Cleavage continues till reserves are exhausted and average size of the daughter cells (blastomeres) reaches the characteristic size of the distinguished somatic cells of parent organisms. Pace of cleavage is found by cytoplasm rather than by nucleus. Nuclear-cytoplasmic ratio is very high at the starting of the cleavage; it slowly increases during cleavage and at the end it is brought to same level as is found in the ordinary somatic cells. Rate of cleavage is rapid in early development and is synchronous, but it becomes very slow and asynchronous by completion of blastula.

Kinds of Cleavage:

Yolk is the non-living component of egg that don't take part in cleavage or formation of embryo. Its function is only to give nourishment to developing embryo. Yolk has the pronounced influence on procedure of cleavage; retarding and interfering with it. Cleavage takes place more rapidly inactive yolk-free cytoplasm than in yolk-laden cytoplasm, as yolk granules remain inert and passive in cleavage. Thus, blastomeres that are richer in yolk remain larger in size than those containing less yolk. Depending on amount and distribution of yolk, cleavage may be holoblastic and meroblastic.
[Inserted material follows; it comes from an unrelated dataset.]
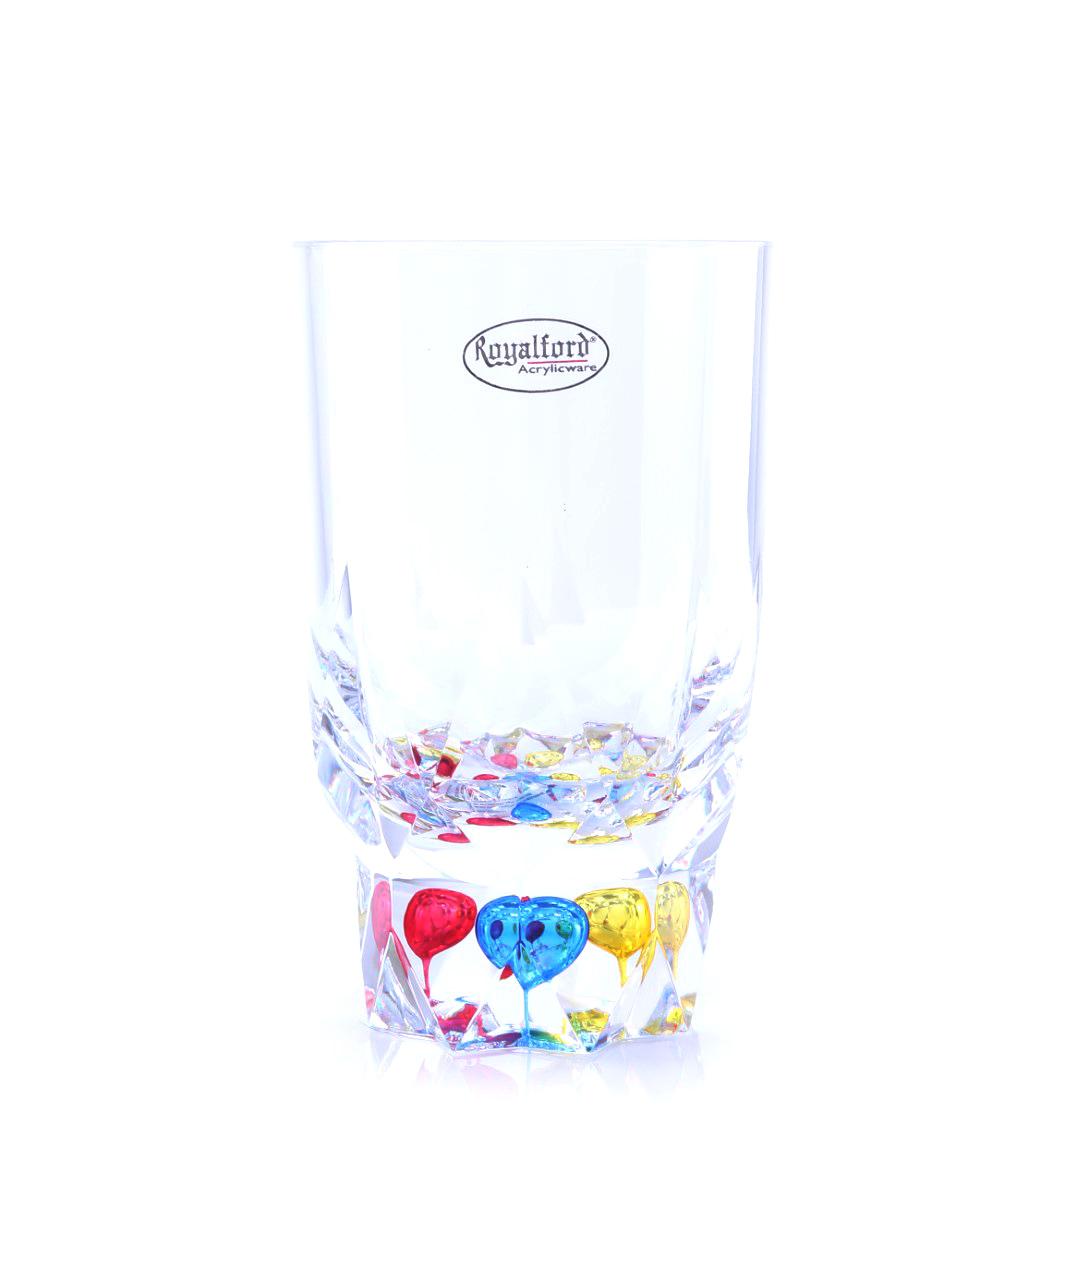 كأس زجاجي بقاعدة كريستال - 410 مل Acrylic Glass With Crystal Base - Royalford

i) Holoblastic: In this kind of cleavage, cleavage pass through complete egg, dividing it totally in equal or about equal blastomeres. It takes place in alecithal, microlecithal and mesolecithal eggs. It is of two kinds: Holoblastic equal- It takes place in mesolecithal or telolecithal eggs, where the yolk is spread along vegetal animal axis and blastomeres are of unequal size like Amphioxus, marsupials and placental mammals. Holoblastic unequal- It takes place in microlecithal or isolecithal eggs and blastomeres are of equal size known as micromeres (small) and macromeres (large) like amphibians and lower fishes.

ii) Meroblastic: Such kind of cleavage takes place in megalecithal or heavily telolecithal eggs, that have huge amount of yolk. Active portion of egg is confined to the small cytoplasmic region at animal pole, known as germinal disc or blastodisc. Cleavage furrow don't entirely pass through egg and remains confined to germinal disc as yolk gives restriction to cleavage like insects, reptiles.

Planes of Cleavage:

i) Meridional: Cleavage furrow passes by polar axis of the egg and bisects both animal and vegetal pole through the middle like amphibians.

ii) Vertical: Cleavage furrow passes through animal and vegetal pole but not through median axis. It passes either by left or right of the axis like chick.

iii) Equatorial: Cleavage furrow is horizontal and is laid down in equatorial plane at right angles to main axis between animal and vegetal poles like mammals.

iv) Latitudinal: Cleavage furrow is laid down transversely or horizontally not on equator but on either side of it like Amphioxus.

Patterns of Cleavage:

  • Radial: Successive cleavage planes cut straight through egg, at right angles to each other so that the resulting blastomeres are arranged radially like Synapta paracentrotus.
  • Biradiat: First three division planes don't cut straight the axis of the egg and aren't laid down at right angle to each other like Ctenophora.
  • Spiral: It is the modified form of radial cleavage where there is rotational movement of cell parts around egg axis leading to displacement of mitotic spindle, so that four blastomeres of upper tier don't lie over corresponding blastomeres of the lower tier but between them like molluscs, annelids, turbullerians and nematodes.
  • Bilateral: It is also the tailored form of radial cleavage where two of the four blastomeres are smaller than other two and therefore remain bilaterally arranged at four cell-stage like tunicates and nematodes.

Blastulation:

The formation of the segmentation cavity or blastocoel inside the mass of cleaving blastomeres and rearrangement of blastomeres around the cavity in such a way as to create the kind of definitive blastula is the characteristic of each species. Blastocoel originates as the intercellular space that at times arises as early as four or eight-cell stage. Therefore blastulation is started in early cleavage stages, and formation of definitive blastula is thought to end cleavage and to start gastrulation. Blastula is the untimely phase of embryonic development in animals. It is also known as blastosphere.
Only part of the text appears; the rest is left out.